Thermal power station
- Primary fuel: Natural gas
- Combined cycle?: Yes

Power generation
- Nameplate capacity: 350 MW

= Caithness Long Island Energy Center =

Power plant in Yaphank, New York, US

Caithness Long Island Energy Center is a 350 MW natural gas fired power power plant in Yaphank, New York, on Long Island operated by Caithness Energy. It began operation in 2009 as the first major baseload plant to be built on Long Island in over 30 years, and by 2020 produced the second most net energy generated among power plants on Long Island. A proposal to construct a new unit tripling the capacity of the facility received initial approvals in 2013, but did not proceed and was shelved in 2018.

== Description ==
Caithness Long Island Energy Center is the fifth largest power generation facility on Long Island by nameplate capacity, but the second largest in net energy generated in 2020, behind only Northport Power Station. It is operated by Caithness Energy, and the electricity generated at the plant is distributed across Long Island via the Long Island Power Authority (LIPA) electrical transmission network.

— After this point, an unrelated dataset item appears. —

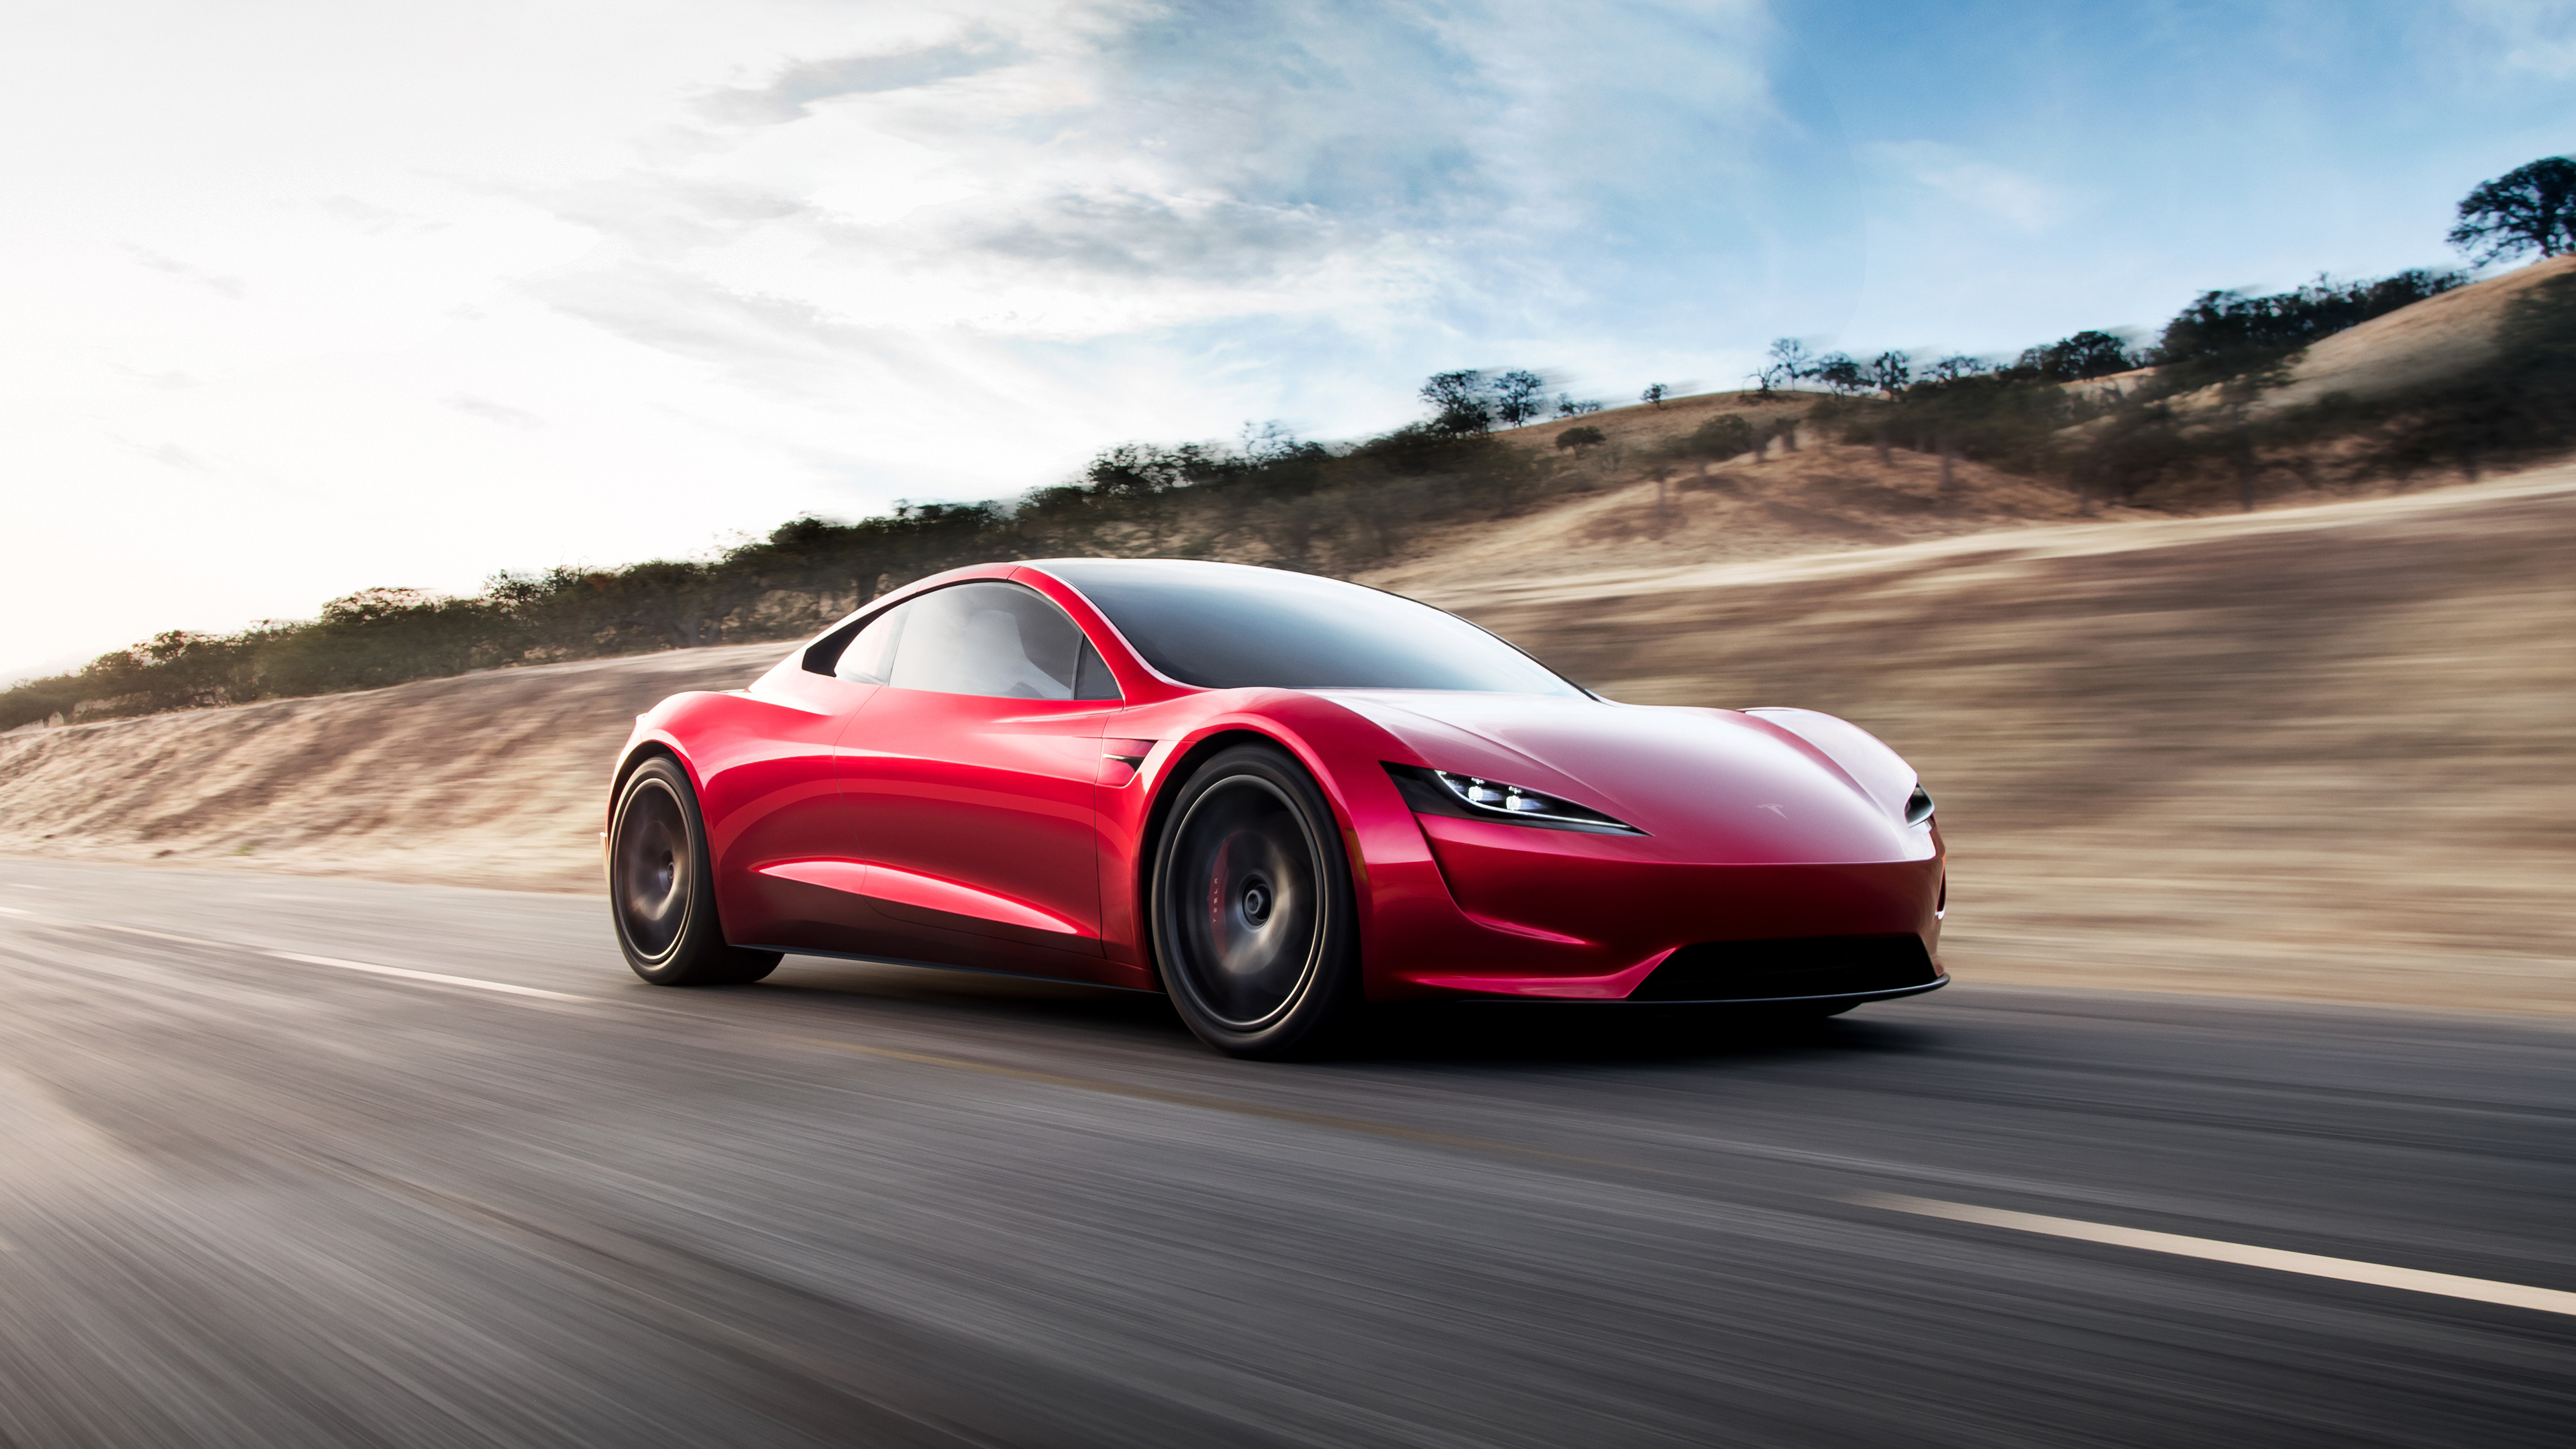 tesla roadster 4k 1539108007 - Tesla Roadster 4k - tesla wallpapers, tesla roadster wallpapers, hd-wallpapers, electric cars wallpapers, 4k-wallpapers, 2018 cars wallpapers

As of 2021, it consists of a single combined cycle unit using a Siemens SGT6-5000F gas turbine and an SST-900 RH steam turbine. It has a nameplate capacity of 375.0 MW, and in 2020 it generated 2171.3 GWh of energy. It is primarily fueled by natural gas, although it is also capable of burning fuel oil.

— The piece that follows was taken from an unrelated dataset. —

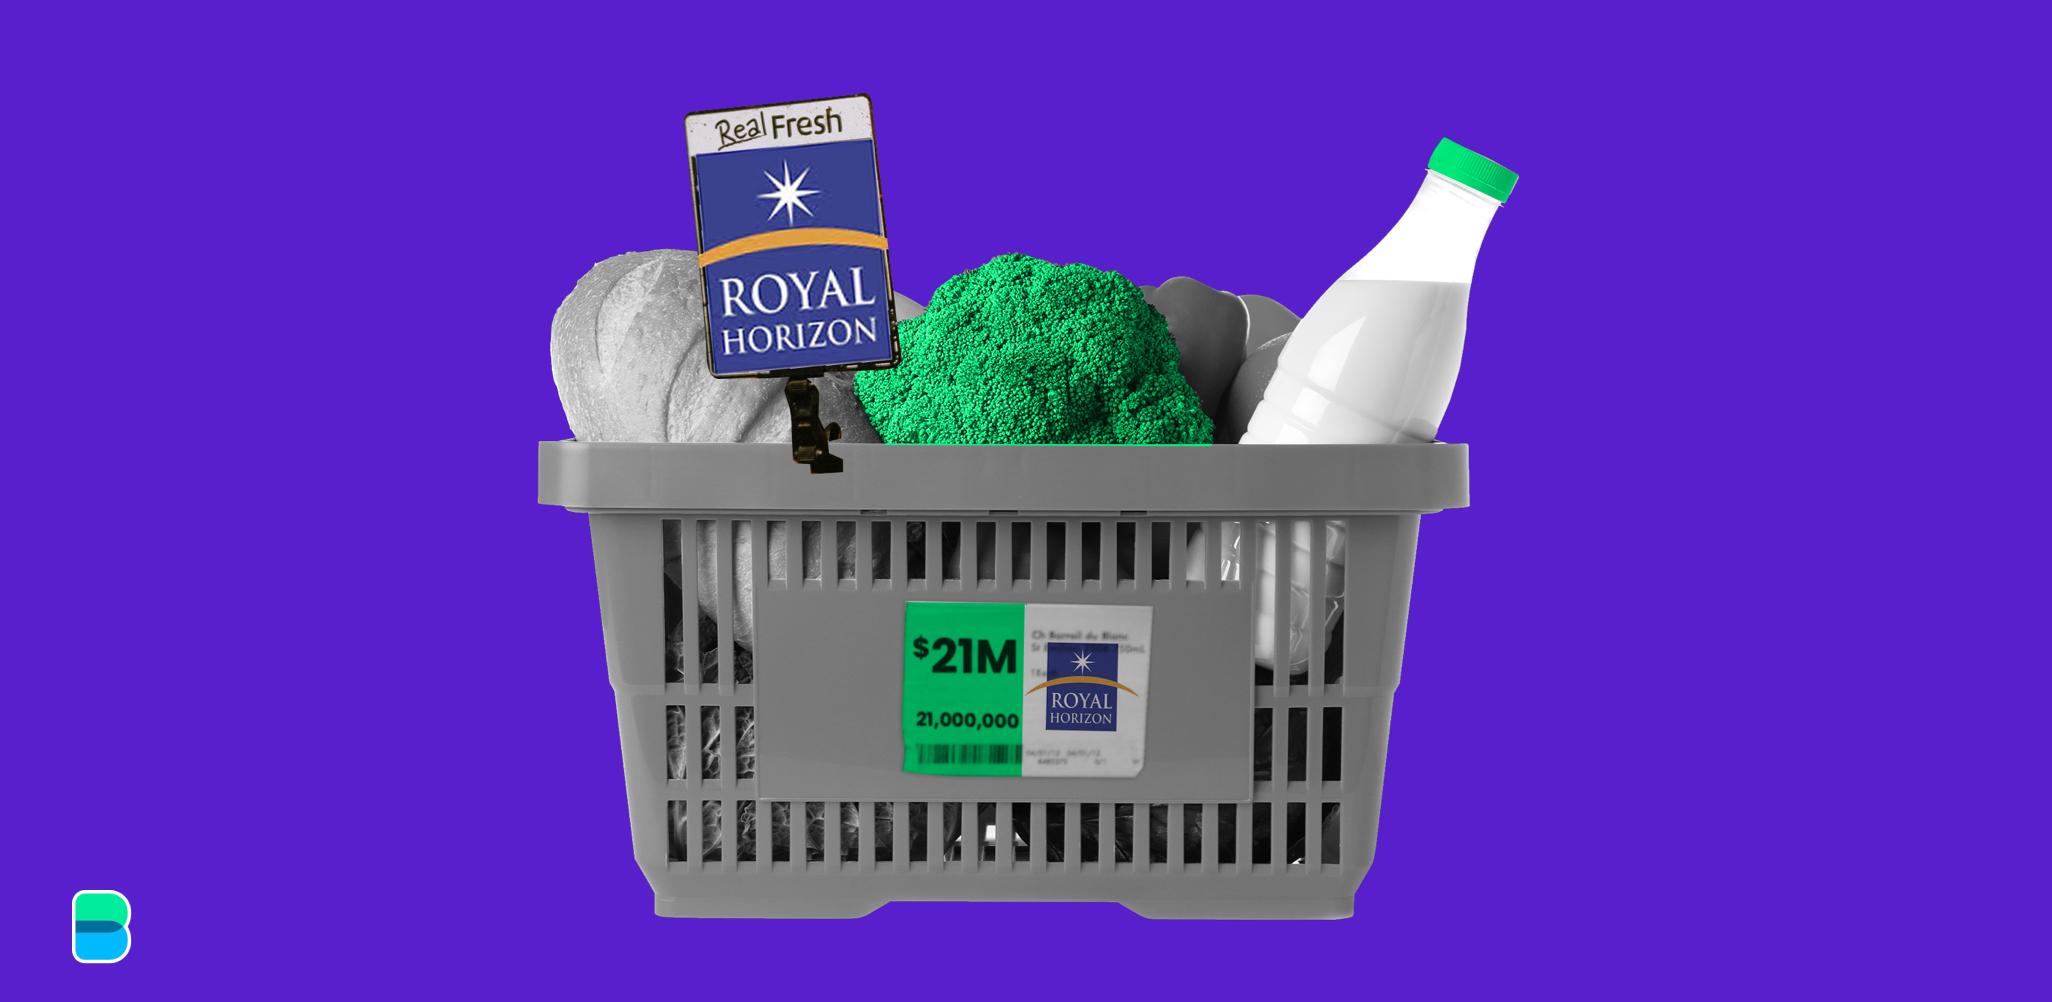 IHC scoops up Royal Horizon majority

The site totals 83 acres, of which 81 acres are vacant as of 2018. It is located in an industrial park with very few residences within a three-quarter-mile radius.

== History ==
The power plant was developed as part of a 2003 request for proposal from LIPA for new generating plants on Long Island that was a response to the Northeast blackout of 2003 and delays by Connecticut in activating the Cross Sound Cable, and due to continued high peak demand over multiple years. This solicitation also resulted in construction of the Bethpage Energy Center; Pinelawn Power Plant in West Babylon, New York; and the Neptune Cable.

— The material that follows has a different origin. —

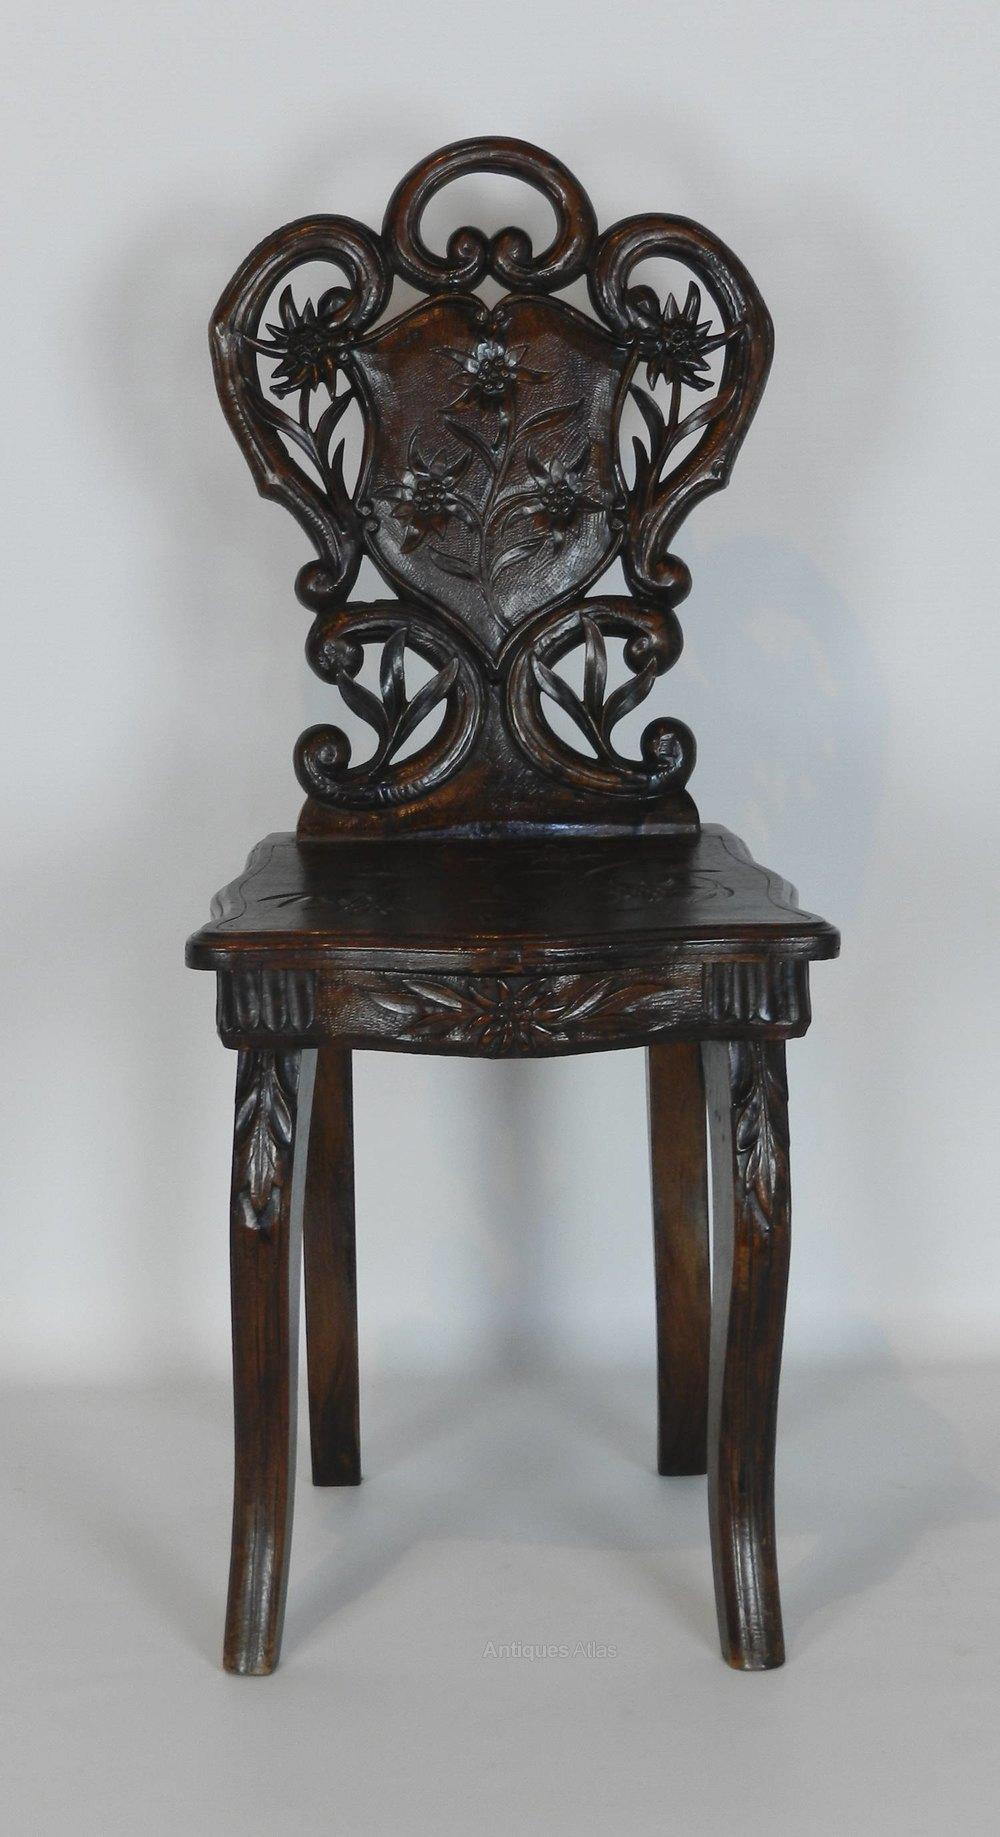 Small Antique Musical Chair ... - Small Antique Musical Chair - Antiques Atlas

It began construction in 2007 and began operation in 2009 as the first major baseload plant to be built on Long Island in over 30 years. It is more fuel-efficient and water-efficient and less polluting than older baseload plants in use on Long Island, mainly the ones constructed by the defunct Long Island Lighting Company in the mid-20th century. In 2011, the plant won Vision Long Island's Smart Growth Award for Clean Energy. As of 2021, it is the most recent fossil fuel power plant to be constructed on Long Island.

=== Caithness II proposal ===
In 2013, LIPA selected the Caithness Long Island II proposal for an additional 750 MW plant to be built on the site. It was approved by the Town of Brookhaven in 2014, but was not constructed due to subsequent projections by PSEG Long Island that Long Island's energy demands would decrease in the near future, and a push for increasing use of renewable energy, leading LIPA to not offer a purchase contract for the power. Additionally, Village of Port Jefferson officials opposed its construction for fear that it would make it harder to repower – and easier to decommission – the Port Jefferson Power Station. The village filed lawsuits against Caithness that were dismissed in 2015 and 2016.

In June 2018, Caithness sought an amendment to the proposal for a 600 MW plant using newer technology. Village of Port Jefferson officials again opposed its construction, while Longwood Central School District residents favored it because having a new power plant in their district would likely reduce their property taxes. However, the town special-use permit for the original proposal expired in July 2018, which effectively killed the project.

In August 2018, Caithness Energy sued PSEG, claiming that they made misleading and false statements to LIPA as an anti-competitive practice against approval of the Caithness II plant in order to increase use of power generated off Long Island, including at ones owned by PSEG. The case was dismissed the following year.